HOLLY
I miss my dad. I’ve managed to go seven months without talking to him, but I still feel like an addict missing her hit of heroin or cocaine. I’m a Dad addict. I just need one hit of Dad. Just five minutes with him, and then I can go another seven months without talking to him. I just want to really quickly catch him up on everything going on in my life. Let him know that I dumped that guy he couldn’t stand, that I’m taking a break from auditions, and that I’m opening a bar with Jessie and Nat. That I got off the antidepressants. I want him to make a joke about the week I tried yoga because, let’s face it, nothing about my personality says, “Breathe.”
I want him to know that I have a huge crush on a guy whose last name is Erikson, and that I’m the worst stalker ever, because I can’t even figure out how to Google him. And that I’m so shy I’ve never even spoken to him. I want to bore Dad with details about how I went jogging one morning just because I saw Mr.

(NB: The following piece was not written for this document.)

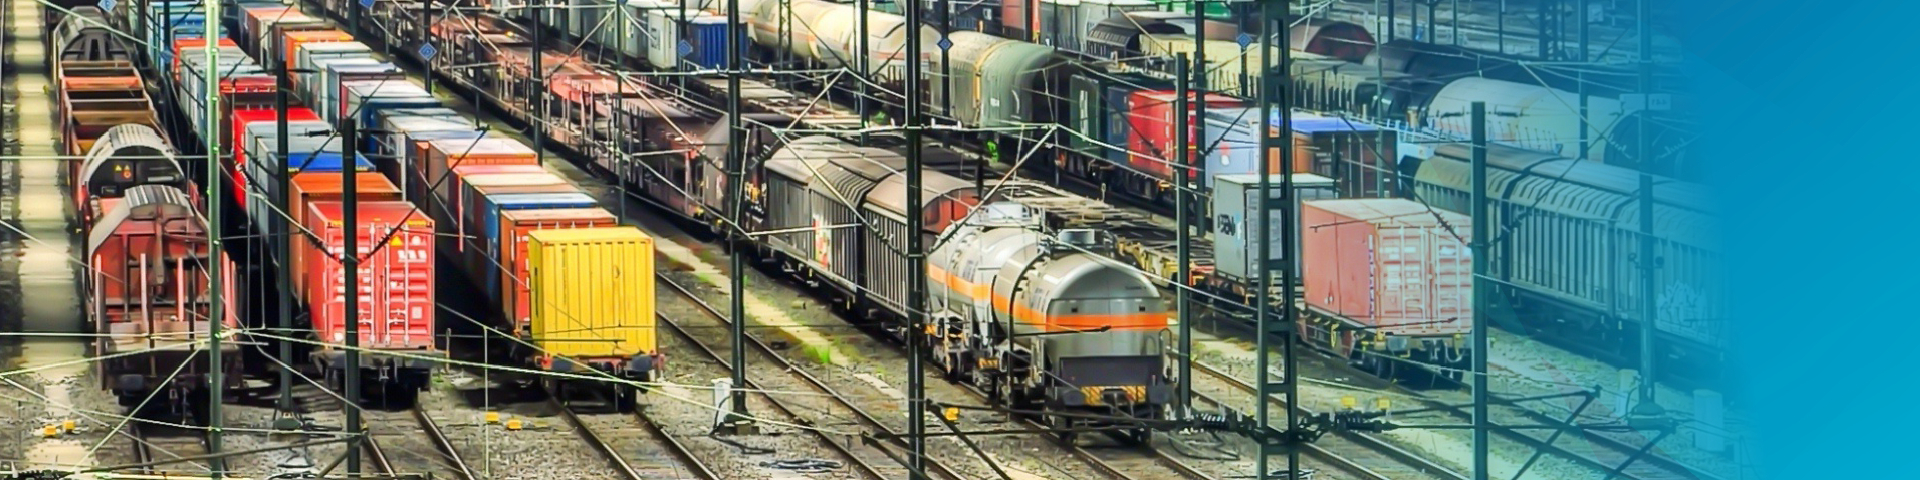 DB Systel Venture railway yard

Erikson stretching outside, and that after he smiled at me and said “Hi” as I passed him, I was so nervous, I gave a quick wave, then broke out into a run down the block that caused me to pull a hamstring, and surreptitiously limp back home once I knew he had left.
When I tell my story while getting my five-minute fix, Dad would laugh and shake his head. He would listen to me drone on about the guy, then hear me vent about how hard it is to date nowadays, because between texting and carrying our phones with us at all times, and Instagram and Facebook and that new site that a twenty-year-old at work told me about, now we girls have to wait by the phone 24/7. Dad would tell me that I sound ridiculous—that I might as well be one of those old biddies who said the world of dating had gone to hell now that men couldn’t stop by their homes with calling cards. He then would remind me that I am worth at least four goats, two chickens, and a mule, and to not stress out so much, because any guy worth his salt is going to do everything he can to be with me.
My father was my biggest fan in the world. He was always convinced that if the men didn’t know what they had, they didn’t deserve to have it.
This time, during these five minutes, I wouldn’t roll my eyes when he told me that I was as pretty as my mom. (I remember as a teen thinking that was the worst compliment ever. Yeah, Dad, genetics. Duh.) Instead, I’d say, “Thank you. I look like you too.”
And then, I would ask for Dad’s advice about the guy. And he would tell me to just talk to him. He’d say, “Just get on with it! Go smile and say hello to the guy. We really don’t like being the aggressors. We may say we do—we lie. Really, we want the beautiful woman to think we’re amazing, right off the bat. Most of us just want to know where our chair is. We want to ask you out. But in order to do that, it would be nice to get a little encouragement.”
Yup, that’s what Dad would say.
But, truth be told, if I had those five minutes, I wouldn’t talk about dating or finding a new man. I’d still ask for his advice, but it would be about a different man. It would be about him. And I would ask, “How do you ever get over losing your first love?”
And he would say, “You’re being a martyr. Knock it off. Life is for the living. Go open that bar. I’ll be there that first night, beaming with pride.”
There’s not a doubt in my mind, that’s exactly what he’d say.
I look over at his urn, a dark wood cube with a picture of a sailboat carved on the side. I kiss my index and middle fingers, and put them on the urn, then I sadly rest my head on the urn.
Yeah, Dad, I know: I am being a martyr. And an addict. Because I would still give anything for just five more minutes.